Mali : Soumaïla Cissé et l’URD en perte de vitesse

Pas une semaine ne se passe sans de nouveaux désistements au sein de l’URD. Chaque mercredi, jour des nominations officielles, de nouvelles têtes tombent : des proches anciens ou récents de Soumaïla Cissé abandonnent le vieux capitaine pour se rallier à la majorité. Le finaliste du dernier scrutin présidentiel semble dépassé. Isolé même au sein de sa propre formation politique.

C’est une ambiance de fin de règne que l’on observe dans les rangs de l’URD. Le parti d’opposition, qui rêvait encore ouvertement d’accéder au pouvoir à court-terme il y a quelques mois, se délite à vue d’œil. Les cadres fuient, les caisses sont vides, et le cap fixé par Soumaïla Cissé apparait chaque jour plus flou… et sinueux.

Il faut dire qu’une bourrasque secoue depuis le printemps la petite barque URD. Si Soumaïla Cissé pensait contrôler le jeu politique et être incontournable à tout dialogue avec le président Ibrahim Boubacar Keïta, il a surestimé sa main. IBK est passé maître dans l’art de diviser pour régner. En mai, il a donc choisi de débaucher deux proches du patron de l’URD pour les faire entrer au gouvernement.

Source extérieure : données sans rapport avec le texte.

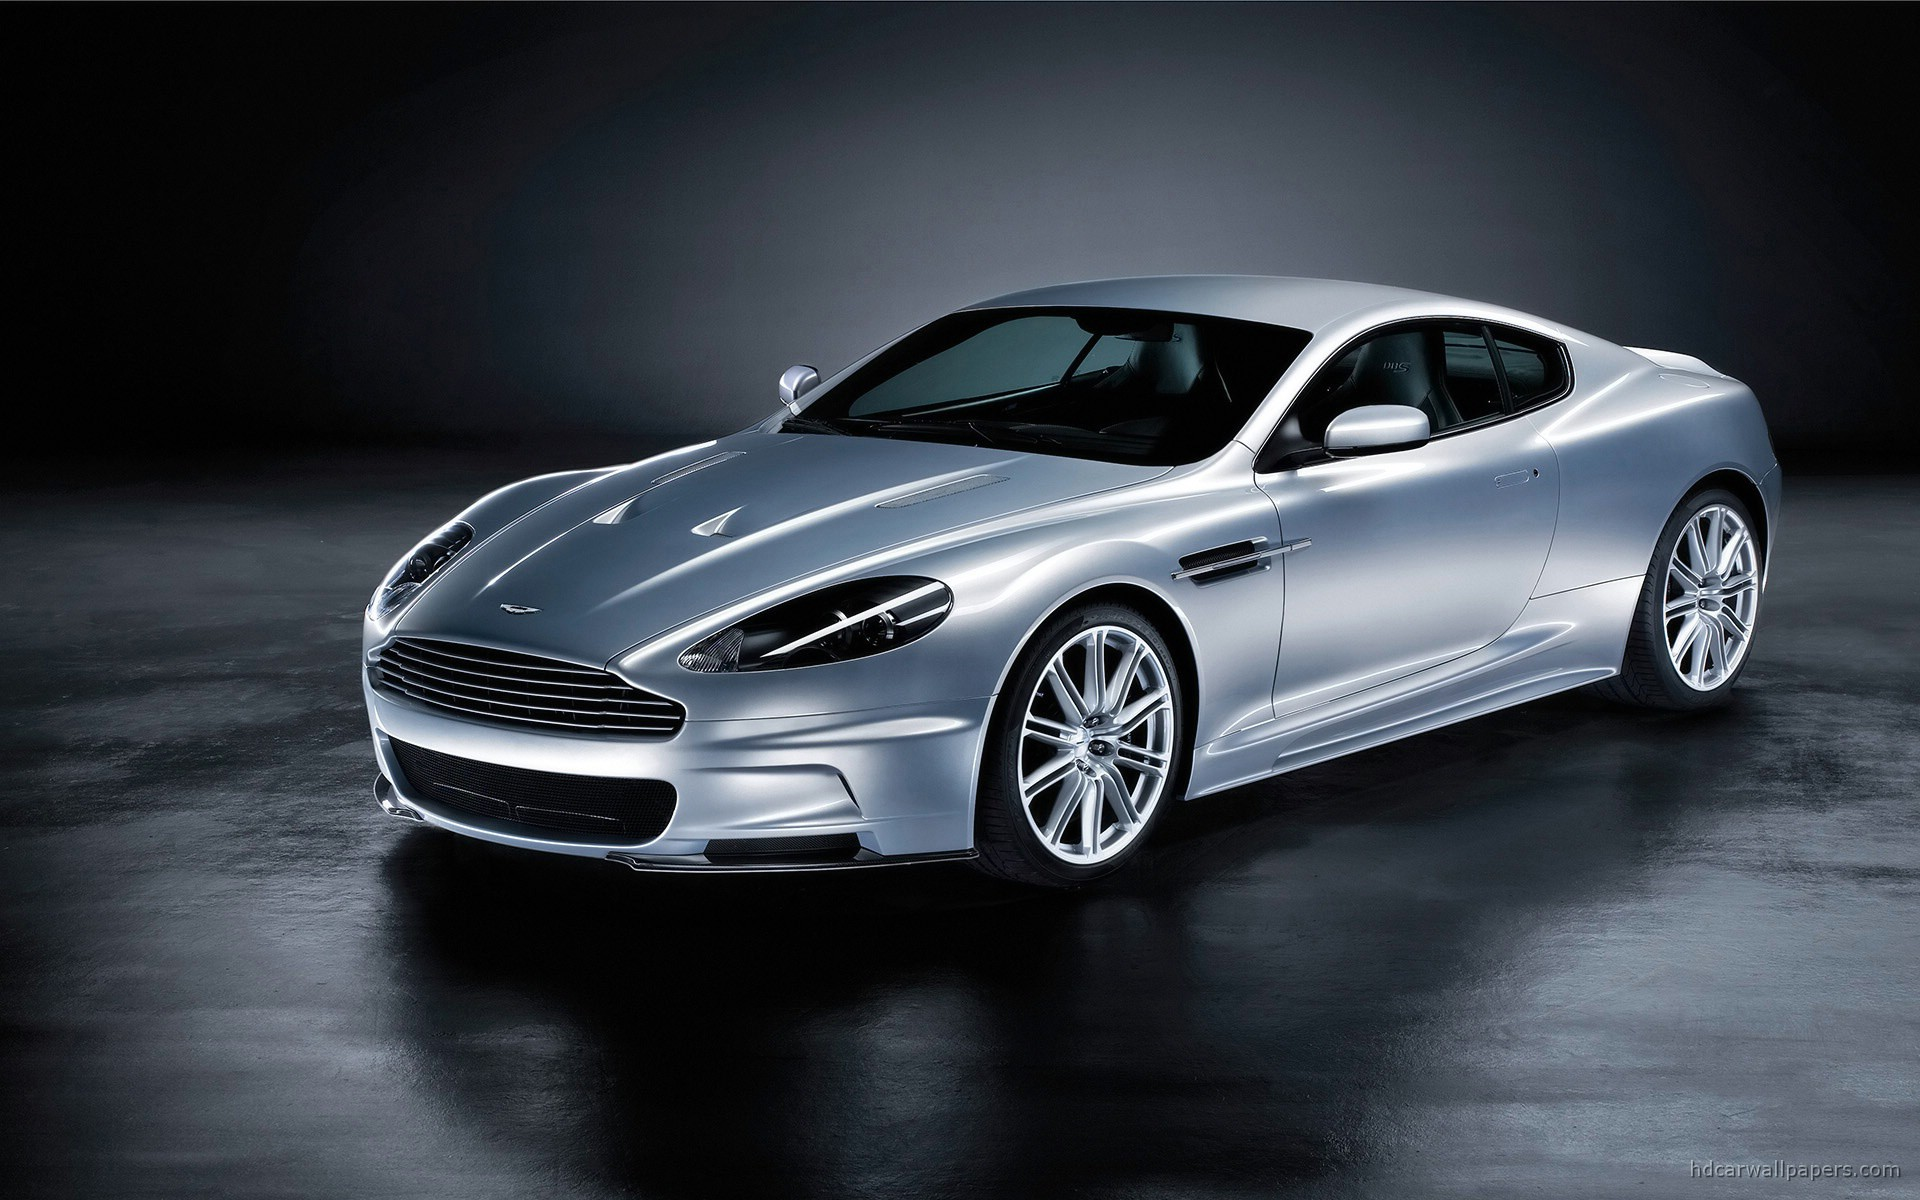 Aston Martin Dbs Widescreen Wallpaper Hd Car Wallpapers Id 20

Les nominations de son ancien directeur de campagne, Tiébilé Dramé, au poste de ministre des Affaires étrangères, ainsi que de son conseiller spécial, Oumar Hamadoun Dicko, comme ministre du Travail ont été deux coups de grisou qui ont profondément et durablement ébranlé la stratégie de Soumaïla Cissé. Et qui continuent depuis à avoir des effets pervers avec des défections en cascade ces dernières semaines.

Car au-delà des têtes d’affiche, les seconds couteaux du parti ont également sauté le pas et déserté en masse l’URD. Le coup le plus symptomatique de cet état de fait se trouve dans la nomination de Kadidia Fofana à un poste dans la haute administration. Cette trahison plus qu’aucune défection, a pesé sur le moral de Soumaïla Cissé, qui a compris à quel point la crise de confiance est profonde.

Coïncidence ou cause profonde de la fuite des cerveaux au sein de l’URD : les caisses du parti sont désormais désespérément vides. Sans espoir de les voir se remplir dans un proche avenir. D’ailleurs, les centaines de pages Facebook de promotion de Soumaïla Cissé qui fleurissaient depuis la campagne de 2018 ont toutes été subitement désactivées ces derniers jours. Preuve que Soumaïla Cissé n’a plus les moyens d’entretenir son armée digitale… et sa garde rapprochée.